== Task directions ==
Would you print the entire listing exactly, leaving nothing out?
##### Material for the task
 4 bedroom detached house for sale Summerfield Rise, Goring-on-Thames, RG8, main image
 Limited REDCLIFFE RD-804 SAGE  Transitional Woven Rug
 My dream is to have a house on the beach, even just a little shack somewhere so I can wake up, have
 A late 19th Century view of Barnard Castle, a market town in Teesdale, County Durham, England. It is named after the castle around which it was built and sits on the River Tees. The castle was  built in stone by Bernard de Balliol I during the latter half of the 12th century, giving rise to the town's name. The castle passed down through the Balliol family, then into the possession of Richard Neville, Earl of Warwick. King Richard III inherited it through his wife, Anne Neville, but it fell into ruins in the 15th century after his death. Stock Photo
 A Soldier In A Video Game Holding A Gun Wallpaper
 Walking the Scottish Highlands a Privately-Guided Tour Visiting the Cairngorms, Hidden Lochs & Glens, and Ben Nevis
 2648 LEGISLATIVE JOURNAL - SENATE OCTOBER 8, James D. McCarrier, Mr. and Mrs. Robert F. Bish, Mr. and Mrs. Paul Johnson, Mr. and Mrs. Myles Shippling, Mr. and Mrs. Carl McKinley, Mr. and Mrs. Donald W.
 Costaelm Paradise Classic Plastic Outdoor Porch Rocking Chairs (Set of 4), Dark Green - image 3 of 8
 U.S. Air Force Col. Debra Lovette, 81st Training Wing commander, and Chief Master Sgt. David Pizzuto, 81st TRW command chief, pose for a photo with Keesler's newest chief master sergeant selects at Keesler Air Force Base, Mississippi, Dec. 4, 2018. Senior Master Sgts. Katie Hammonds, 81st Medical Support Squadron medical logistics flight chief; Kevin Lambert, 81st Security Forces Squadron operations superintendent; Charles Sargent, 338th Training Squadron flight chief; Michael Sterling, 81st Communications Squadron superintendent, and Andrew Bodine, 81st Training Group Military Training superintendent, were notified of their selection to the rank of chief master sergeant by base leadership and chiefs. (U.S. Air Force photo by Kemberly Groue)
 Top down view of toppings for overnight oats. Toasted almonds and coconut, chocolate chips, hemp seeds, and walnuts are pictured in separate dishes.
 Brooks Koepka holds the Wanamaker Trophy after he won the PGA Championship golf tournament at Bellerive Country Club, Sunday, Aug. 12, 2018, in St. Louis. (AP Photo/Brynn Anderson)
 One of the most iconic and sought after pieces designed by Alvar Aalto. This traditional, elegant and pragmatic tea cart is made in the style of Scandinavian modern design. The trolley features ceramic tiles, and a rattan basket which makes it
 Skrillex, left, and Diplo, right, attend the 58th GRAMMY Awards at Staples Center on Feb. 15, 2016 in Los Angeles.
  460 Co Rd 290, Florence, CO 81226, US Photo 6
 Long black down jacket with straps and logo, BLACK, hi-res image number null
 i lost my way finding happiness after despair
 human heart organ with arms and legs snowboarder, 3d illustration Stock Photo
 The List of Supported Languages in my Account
##########
== Answer space ==
 4 bedroom detached house for sale Summerfield Rise, Goring-on-Thames, RG8, main image
 Limited REDCLIFFE RD-804 SAGE  Transitional Woven Rug
 My dream is to have a house on the beach, even just a little shack somewhere so I can wake up, have
 A late 19th Century view of Barnard Castle, a market town in Teesdale, County Durham, England. It is named after the castle around which it was built and sits on the River Tees. The castle was  built in stone by Bernard de Balliol I during the latter half of the 12th century, giving rise to the town's name. The castle passed down through the Balliol family, then into the possession of Richard Neville, Earl of Warwick. King Richard III inherited it through his wife, Anne Neville, but it fell into ruins in the 15th century after his death. Stock Photo
 A Soldier In A Video Game Holding A Gun Wallpaper
 Walking the Scottish Highlands a Privately-Guided Tour Visiting the Cairngorms, Hidden Lochs & Glens, and Ben Nevis
 2648 LEGISLATIVE JOURNAL - SENATE OCTOBER 8, James D. McCarrier, Mr. and Mrs. Robert F. Bish, Mr. and Mrs. Paul Johnson, Mr. and Mrs. Myles Shippling, Mr. and Mrs. Carl McKinley, Mr. and Mrs. Donald W.
 Costaelm Paradise Classic Plastic Outdoor Porch Rocking Chairs (Set of 4), Dark Green - image 3 of 8
 U.S. Air Force Col. Debra Lovette, 81st Training Wing commander, and Chief Master Sgt. David Pizzuto, 81st TRW command chief, pose for a photo with Keesler's newest chief master sergeant selects at Keesler Air Force Base, Mississippi, Dec. 4, 2018. Senior Master Sgts. Katie Hammonds, 81st Medical Support Squadron medical logistics flight chief; Kevin Lambert, 81st Security Forces Squadron operations superintendent; Charles Sargent, 338th Training Squadron flight chief; Michael Sterling, 81st Communications Squadron superintendent, and Andrew Bodine, 81st Training Group Military Training superintendent, were notified of their selection to the rank of chief master sergeant by base leadership and chiefs. (U.S. Air Force photo by Kemberly Groue)
 Top down view of toppings for overnight oats. Toasted almonds and coconut, chocolate chips, hemp seeds, and walnuts are pictured in separate dishes.
 Brooks Koepka holds the Wanamaker Trophy after he won the PGA Championship golf tournament at Bellerive Country Club, Sunday, Aug. 12, 2018, in St. Louis. (AP Photo/Brynn Anderson)
 One of the most iconic and sought after pieces designed by Alvar Aalto. This traditional, elegant and pragmatic tea cart is made in the style of Scandinavian modern design. The trolley features ceramic tiles, and a rattan basket which makes it
 Skrillex, left, and Diplo, right, attend the 58th GRAMMY Awards at Staples Center on Feb. 15, 2016 in Los Angeles.
  460 Co Rd 290, Florence, CO 81226, US Photo 6
 Long black down jacket with straps and logo, BLACK, hi-res image number null
 i lost my way finding happiness after despair
 human heart organ with arms and legs snowboarder, 3d illustration Stock Photo
 The List of Supported Languages in my Account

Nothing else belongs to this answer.